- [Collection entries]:

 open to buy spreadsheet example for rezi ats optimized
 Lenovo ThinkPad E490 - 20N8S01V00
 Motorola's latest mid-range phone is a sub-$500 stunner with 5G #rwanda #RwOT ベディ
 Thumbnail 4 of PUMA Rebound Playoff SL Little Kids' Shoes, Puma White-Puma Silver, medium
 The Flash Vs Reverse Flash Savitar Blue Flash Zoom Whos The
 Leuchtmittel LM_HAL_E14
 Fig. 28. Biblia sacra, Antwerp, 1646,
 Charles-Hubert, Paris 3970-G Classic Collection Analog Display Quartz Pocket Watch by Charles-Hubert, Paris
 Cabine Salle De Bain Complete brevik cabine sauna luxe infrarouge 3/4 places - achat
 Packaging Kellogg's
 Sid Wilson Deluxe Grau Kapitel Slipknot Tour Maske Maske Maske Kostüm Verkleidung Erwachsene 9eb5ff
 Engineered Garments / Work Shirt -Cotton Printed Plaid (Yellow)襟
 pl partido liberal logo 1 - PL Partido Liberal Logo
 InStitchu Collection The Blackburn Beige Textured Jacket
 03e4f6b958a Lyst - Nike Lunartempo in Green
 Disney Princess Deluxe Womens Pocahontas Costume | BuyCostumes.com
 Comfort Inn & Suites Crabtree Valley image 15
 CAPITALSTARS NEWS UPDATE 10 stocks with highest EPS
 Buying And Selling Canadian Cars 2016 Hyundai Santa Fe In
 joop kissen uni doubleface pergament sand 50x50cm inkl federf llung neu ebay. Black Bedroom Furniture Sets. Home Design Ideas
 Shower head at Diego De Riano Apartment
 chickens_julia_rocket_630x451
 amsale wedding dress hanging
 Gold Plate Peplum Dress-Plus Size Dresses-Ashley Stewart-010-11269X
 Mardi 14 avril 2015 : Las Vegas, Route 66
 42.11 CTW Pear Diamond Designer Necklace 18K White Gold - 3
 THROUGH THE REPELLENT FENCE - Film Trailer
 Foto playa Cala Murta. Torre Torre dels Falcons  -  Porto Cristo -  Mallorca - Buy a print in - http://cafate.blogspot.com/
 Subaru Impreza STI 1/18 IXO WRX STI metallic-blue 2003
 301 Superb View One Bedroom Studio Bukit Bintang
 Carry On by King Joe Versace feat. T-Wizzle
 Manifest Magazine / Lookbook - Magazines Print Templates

- [Task objective]: Write out only those lines that fall between the one containing "Foto playa Cala" and the end of the entries, the first and last included, exactly as they read.

- [Answer space]:
 Foto playa Cala Murta. Torre Torre dels Falcons  -  Porto Cristo -  Mallorca - Buy a print in - http://cafate.blogspot.com/
 Subaru Impreza STI 1/18 IXO WRX STI metallic-blue 2003
 301 Superb View One Bedroom Studio Bukit Bintang
 Carry On by King Joe Versace feat. T-Wizzle
 Manifest Magazine / Lookbook - Magazines Print Templates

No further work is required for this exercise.